Build at least one army town. (at least 4+ hills, decent food and stuff. Make workshops around it too so you spend all that surplus food) HE+Ironworks in this city makes it crank out troops fast! Rest of the cities just plain commerce or most likely hybrid. (cottage up grasslands/rivers farm plains etc to get max amount of tiles worked)

Most of your post is nice, but I strongly disagree with HE and Ironworks on the same city. They should definitely be each in one of your 2 top production cities, combined with West Point or maybe Red Cross.
 
so say i started off in a fairly...flat place. kinda like towards the bottom of the continent, lot of plains/desert, tundra...not so much floodplains and hills (but a few) which would be better to run?

and what is HE?
 
Most of your post is nice, but I strongly disagree with HE and Ironworks on the same city. They should definitely be each in one of your 2 top production cities, combined with West Point or maybe Red Cross.

Depends on the production output of the HE city of course, i rarely get to the point where i build either Red Cross or West Point ;) (game is won before i get those techs)

But it's just an example how i do it, as i mentioned it's no sure thing about any of my post :p
 
if you're not running a SE with Romans then you're losing out on a very solid UB.
untrue
You only need the forum in the GP farm.
With the romans, the good thing is you can have more than one GP farm, without polluting the pool.
This doesn't mean you should run a SE.
In fact, if you go all out warmongering, you're going to need all the commerce you can get = CE FTW.
Dominating in 1000 AD is a lot better than somewhat getting a upper hand in 1900 AD.

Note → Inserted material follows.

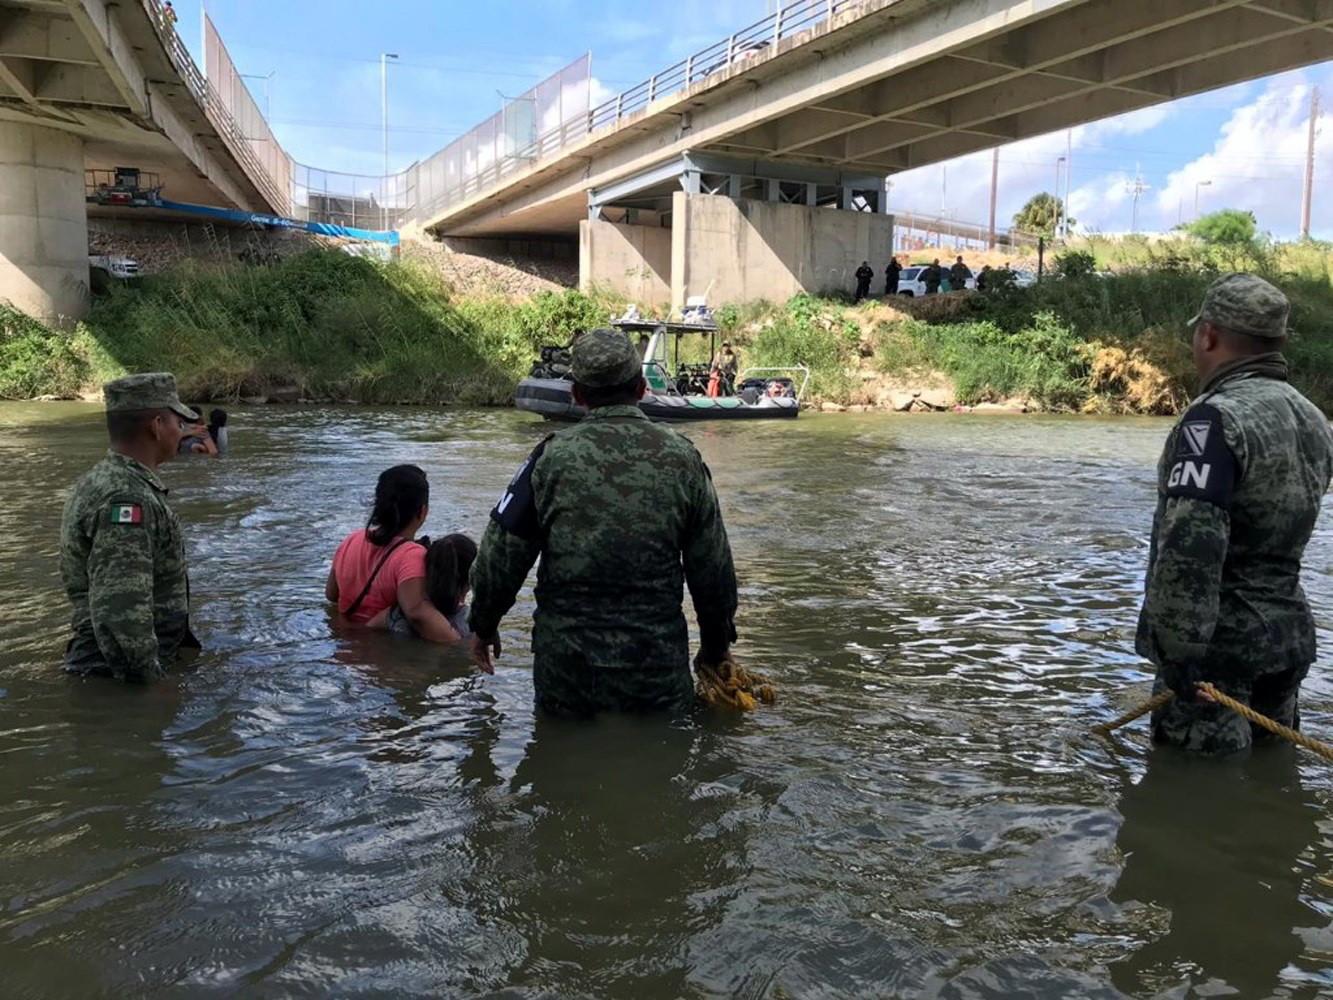 Meksyk: Gwardia Narodowa przekonują gwatemalską rodzinę, by zrezygnowała z przekraczania Rio Bravo (rzeki Rio Grande) przy moście granicznym Puente Nuevo w Tamaulipas, fot. Marco Rodriguez, PAP/EPA.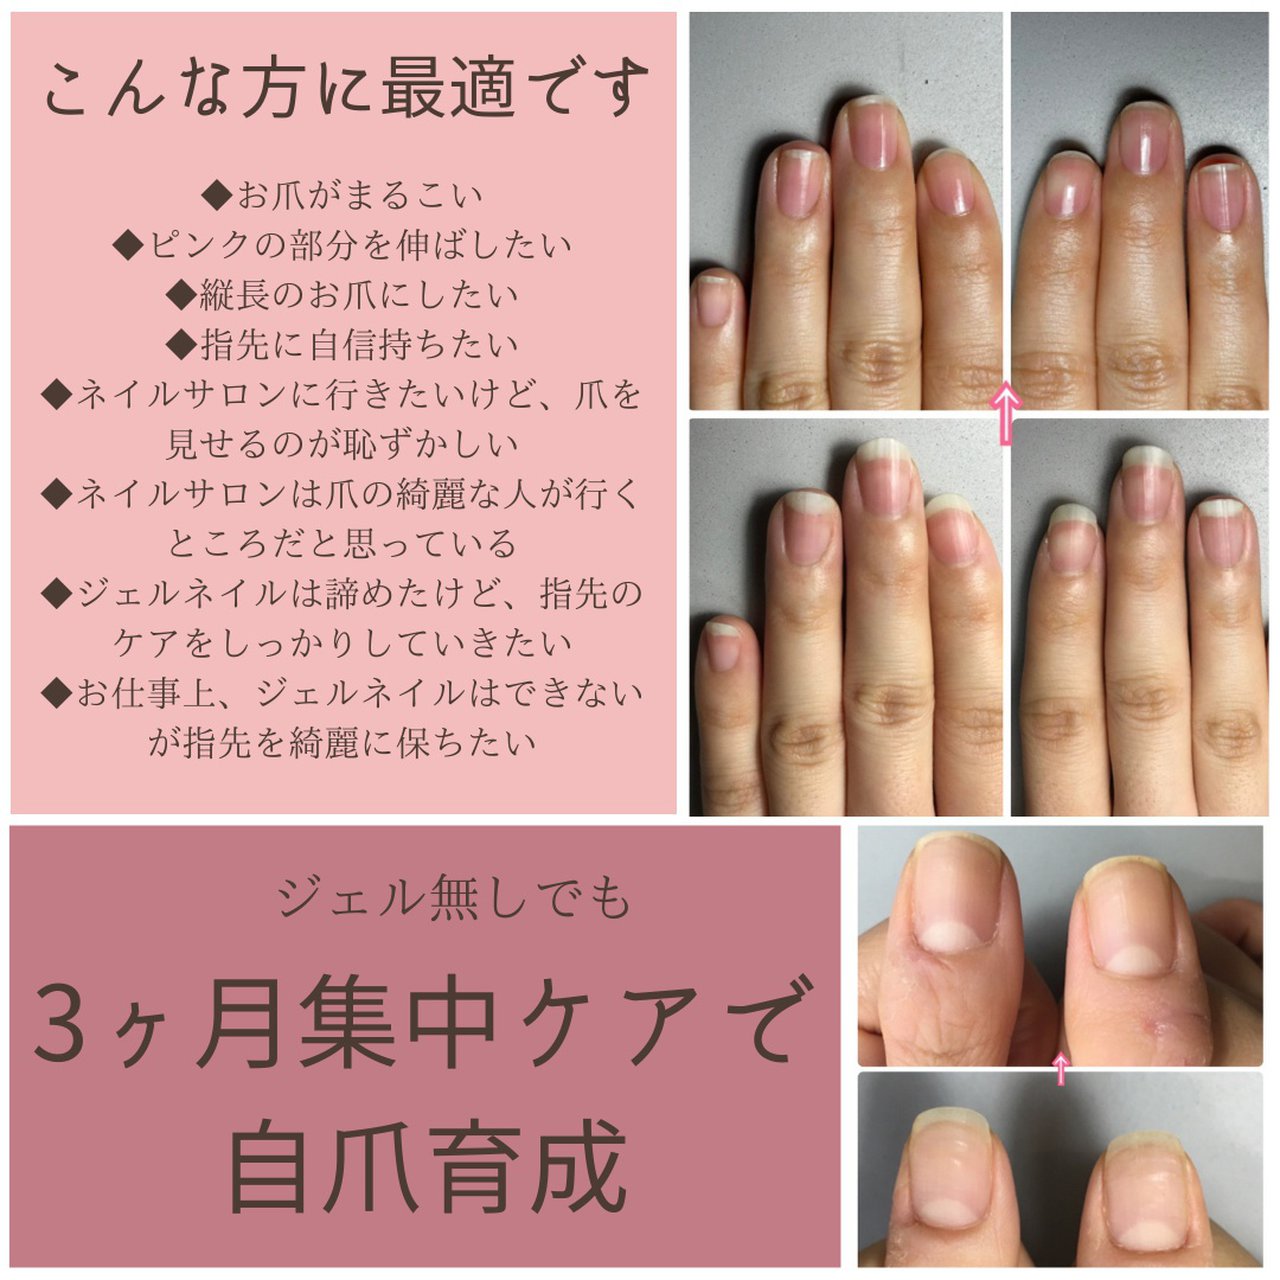 美爪育成nail Salon Jouet のネイルデザイン No ネイルブック

This really isn't playing civ4, it's so very specific to the romans that you really shouldn't try learning the game this way.
However, here is my strat for the romans :
Phase 1- (worker techs), try to settle a high production city
Phase 2- BW, IW, you need iron. settling on the ice is not the best option, but sometimes you just don't have any choice
phase 3- writing, alphabet (trade for maths if possible), build a massive praetorians army. 3 praetorians are enough to start a war, if you build reinforcements all the time. Keep all the good cities (not the size 1, no resource filler cities)
Phase 4: you live on the plunder money/extortion money. You may be able to tech a bit further :currency/code of laws/construction. You don't build courthouses, you whip them in large cities. Use all high food cities as GP farms. Great merchants are just as good as great scientists = you can stay in slavery, just whip libraries and forums.
This phase ends when there are no more enemies on your landmass :) .
This isn't a fast teching game, but who cares, the game is over.
 
if you go all out warmongering you can run 0% science and get your beakers from scientists and use merchants to keep afloat. the ub then helps you generate GSs and GMs, the former which you can use to lightbulb and trade techs to keep up and the latter which you can use on a trade mission to keep afloat to run scientists.

with romans, especially AC (creative), a SE is a good way to go imho.
 
if you go all out warmongering you can run 0% science and get your beakers from scientists and use merchants to keep afloat. the ub then helps you generate GSs and GMs, the former which you can use to lightbulb and trade techs to keep up and the latter which you can use on a trade mission to keep afloat to run scientists.

with romans, especially AC (creative), a SE is a good way to go imho.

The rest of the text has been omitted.